The temperature is crucial, as every additional 3°C speeds up the fermentation in 30 days. At 11ºC, it is harder for the yeast to start fermentation. In the end, only the best survive, which ensures a more complete process and a far more delicate end result.
But Professor Orlando Lourenço doesn’t have anything against encapsulated yeast, quite the opposite, in fact – as long as the label is correct and there is no mention of “traditional method” or “classic method”. This is because the resulting sparkling wine doesn’t have the same complexity or longevity, and the gas doesn’t have the same pressure, and the consumer should be aware of that.
An enormous advantage of the immobilised yeast is that the process emphasises the quality of the base wine, and that leads the many winemakers who use the process (around 90% of the national market of espumantes) to be extra careful with the wines they select.
This was the decisive factor behind the general improvement of sparkling wines.
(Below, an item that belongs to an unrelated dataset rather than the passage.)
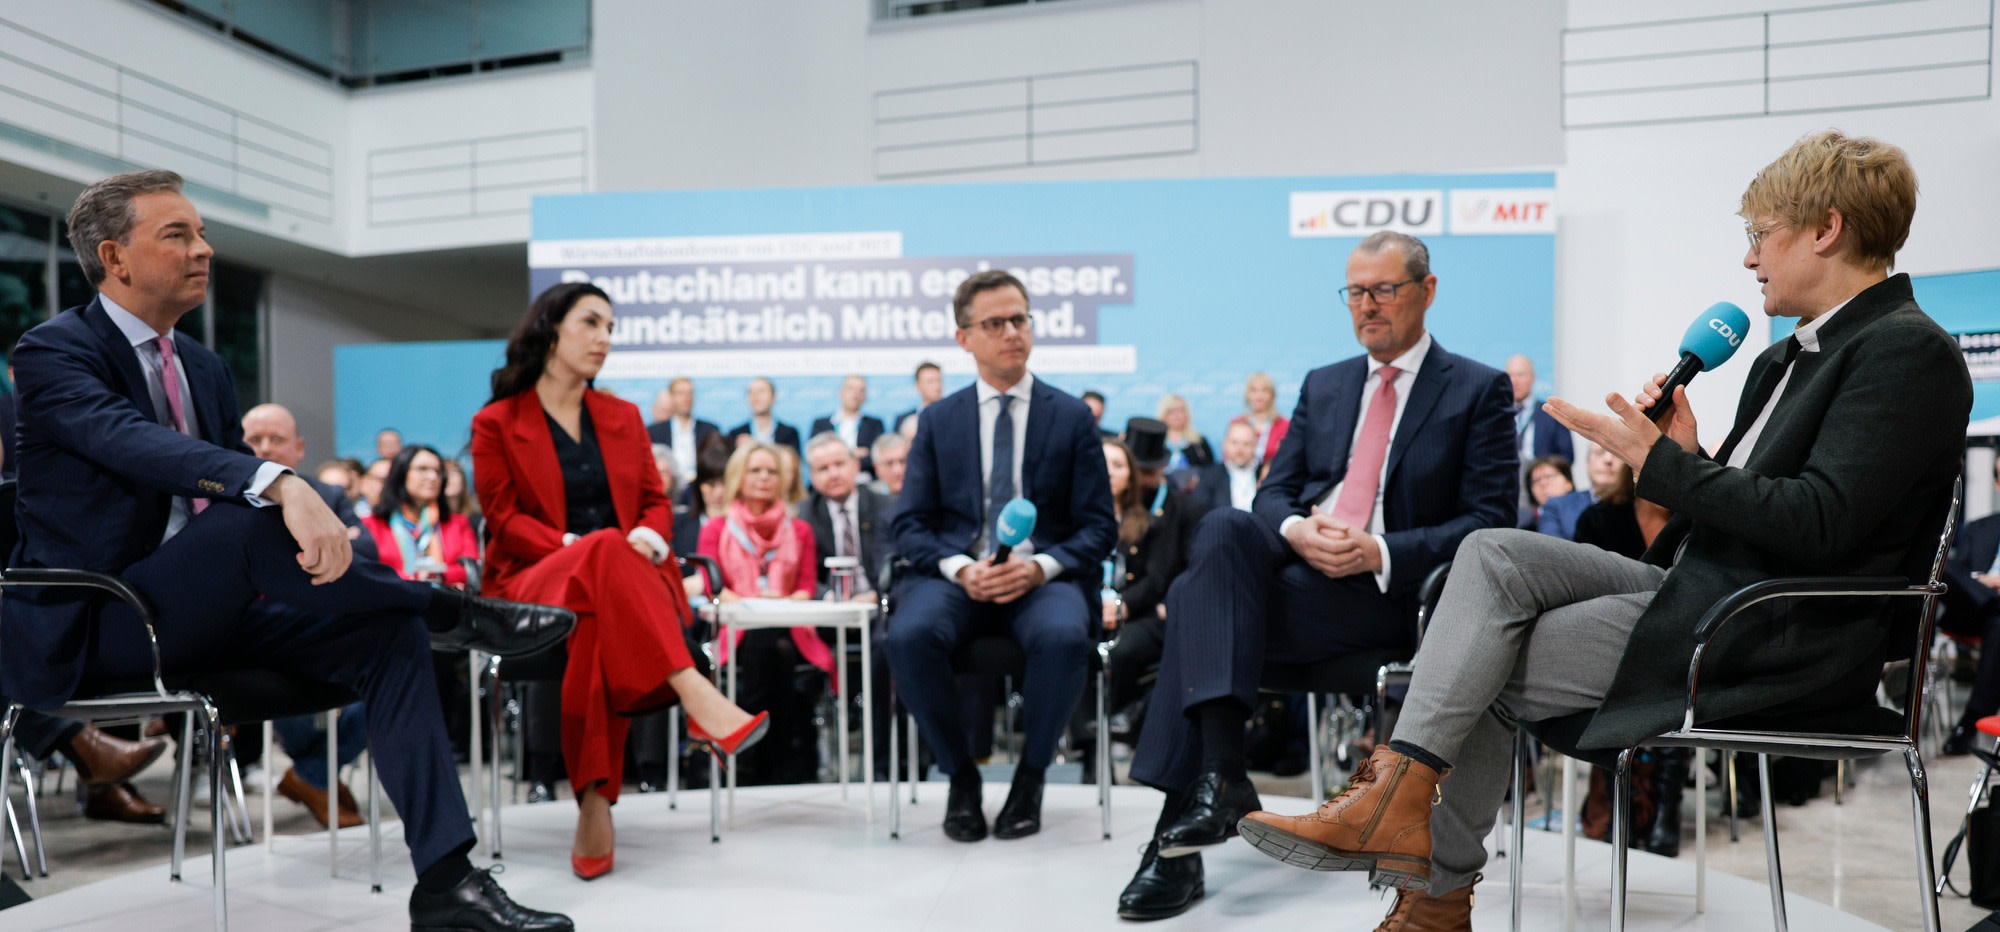 Wirtschaftskonferenz von CDU und MIT

The process became more accessible and producers less specialised, a bit like what has happened with Nespresso coffee capsules.
Murganheira uses only the traditional method with wild yeast. Each pressing originates five different musts, and the relatively low price of the grapes (around €1 per kilo, as opposed to the €6/kg in the Champagne region) means that only the best components can be used, with the remainder sold in bulk or distilled.
The improvement of Murganheira’s sparkling wines began in the 1980s, with a big investment in the vines and the development of the varietals, Portuguese yeast and the improvement of the traditional processes. The extraordinary granite cellars ensure a constant temperature of 12.3°C throughout the entire year, and the slow ageing process finishes the job.
Wild or immobilised by encapsulation, the truth is that there is a clear improvement in the general quality of the Portuguese espumante.
Espumante is a wine that deserves to be drunk throughout the year – at the beginning of a meal, when guests arrive, and throughout the first courses, with the acidity and delicate mousse cleaning the palate and contrasting with the nuances of the food, from the simplest to the most challenging. The “brut” variety has a tiny addition of sugar, making it more suited to the dinner table.